Refer to the attached job description for full details of the role.

Reporting to the Head of Pharmaceutical Lifecycle, you will lead in planning and managing resources so that validation activities and associated documentation are completed in accordance with schedules and meet regulatory requirements.

Provide specialist advice and recommend actions to Pharmacy manufacturing units for the resolution of OOS, deviations and discrepancies.

Review validation practices and processes in manufacturing facilities to ensure the approach taken is in line with industry best practice and meets regulatory requirements.

Project Phase

• Areas of responsibility include the Project Phase of the System Life Cycle approach to qualification as follows:
  • The development of User / Functional requirement Specifications (UR/FS), Verification Plans, Commissioning protocols (FAT/SAT, Hardware & Software Tests), Area Qualification protocols (Clean room Grades A-D), Installation / Operation Qualification protocols, Performance Qualification protocols, associated summary reports and Traceability Matrices.
• Preparation of specifications for the purchasing of materials or equipment.
  • The execution of commissioning and qualification protocols for GMP Areas, Utilities, manufacturing and packaging equipment.
  • Instrumentation qualification including Installation Qualification, Operational Qualification, and Performance Qualification, as applicable.
  • Systems qualification including automation and computerized systems (in collaboration with the data integrity / CSV specialist.
• Maintenance of the equipment database in collaboration with the production engineers

Retirement Phase

• Areas of responsibility include the Retirement Phase of the System Life Cycle approach to qualifications as follows:
  • Decommissioning of facility, utility, and equipment including computerized systems.
  • Migration, archival and destruction requirements for historic data and records.
  • Ensuring the equipment calibration status prior to decommissioning.
  • Decommissioning impact assessment regarding the decommissioning plan.
  • Ensuring the obsoleting of associated documentation such as SOPs, PMs, and calibration procedures

Project Phase

• Areas of responsibility include the execution & data compilation of qualification protocols:
  • Inspecting completed installations and observe operations to ensure conformance to design and equipment specifications and compliance with operational, safety, or environmental standards.
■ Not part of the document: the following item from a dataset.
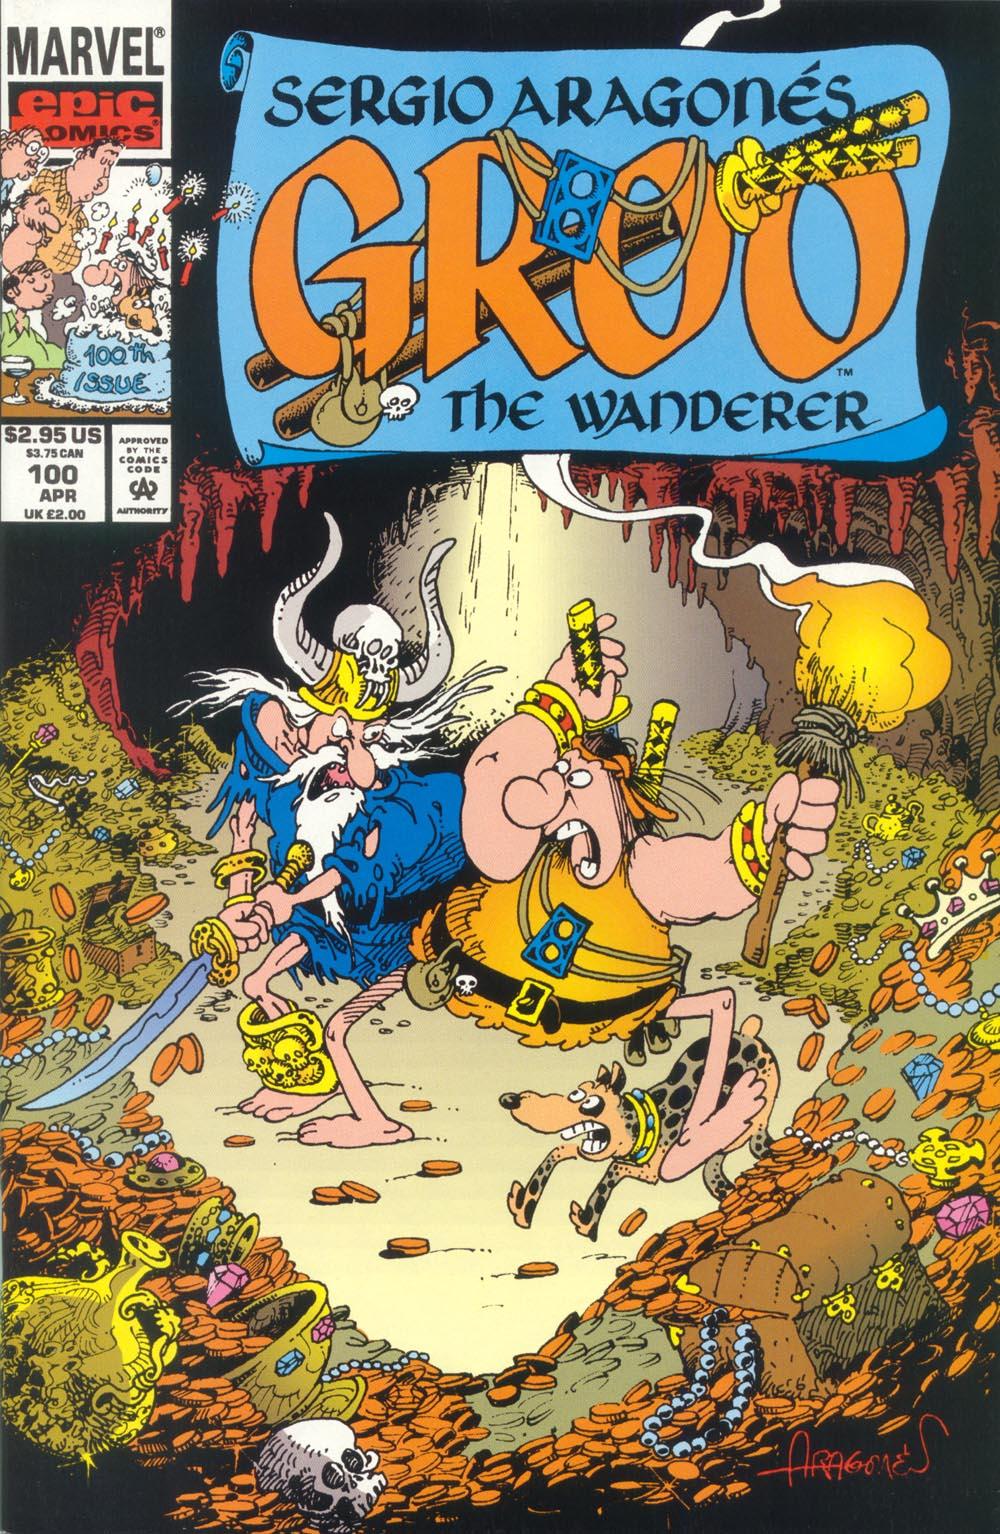 Read online Sergio Aragonés Groo the Wanderer comic -  Issue #100 - 1

Reporting any non-conformances in this area and pursuing resolution to make safe where appropriate.
  • Ability to clearly document and describe qualification deviations, provide evaluation of impact and to propose resolutions and corrective actions capturing in the pharmaceutical quality system.
  • To generate reports including the provision of graphical representation of collected data, and the ability to use data to identify and correct system problems.
  • Analyzing validation test data to determine whether systems or processes have met predefined acceptance criteria.
  • Operating computer-assisted engineering equipment to perform engineering tasks such as the BMS and EMS.
  • Performing detailed calculations to compute and ensure manufacturing, construction, or installation standards or specifications.
• Responsible for liaison with internal and external parties and interaction with various departments in connection with validation studies which may include validation project oversight, auditing, sampling, protocol execution, or data acquisition as required.
• Perform temperature and humidity mapping studies and engineering studies such as design of experiments and range finding studies.
• Creating, populating, and maintaining databases for tracking validation activities, test results, or validated systems until such a time these are fully integrated with the sites electronic QMS.

Documentation Control

• Areas of responsibility include providing documentation required to support document control, change control, and validation activities:
  • Responsible for Hazard Analysis/Component Design FMEA (Failure Mode Effective Analysis) / review. Process FMEA/Risk management and provide inputs to the production, QA and other teams directing validation activities.
  • Develops supporting documentation such as process flow diagrams, material specifications, and standard operating procedures.
  • Participates in the development of Risk Assessments as part of the Verification Plans relevant to equipment, and responsible for updating and maintaining relevant Verification Plans.
  • Preparing/review of technical drawings, specifications of electrical systems, and topographical maps to ensure that installation and operations conform to standards and customer requirements.
  • Provide documented evidence to support the release of facilities, utilities and equipment for their intended use.
  • Create statistically significant sampling plans, when applicable, to support the qualification approach to achieving fitness for use.
  • Responsible for performing gap analysis of different manufacturing systems by reviewing Standard Operating Procedures (SOPs) and Work Instructions (WIs) and ensuring the verification of the closure of any identified gaps

Team Work

Areas of responsibility include the ability to work as part of a team in order to meet company objectives:

• Consulting with engineers, production personnel, or others to discuss existing or potential engineering projects or products.
• Coordinating the implementation or scheduling of validation testing with affected
• departments and personnel.
• Assisting project production efforts to assure projects are completed on time.
• Directing or coordinating manufacturing, construction, installation, maintenance, support, documentation, or testing activities to ensure compliance with specifications, codes, or customer requirements.
• Team member for problem solving to resolve production and quality issues including support for OOS / deviation investigation and CAPA generation.

Training

• To design, develop and manage the validation engineering training programme
• To train any other lifecycle team members in the validation process and procedures
• Perform relevant training to operators or other staff on qualification protocols and standard operating procedures.
• To participates in cross-training in Engineering areas of responsibility with the pharmacy and trust engineering teams.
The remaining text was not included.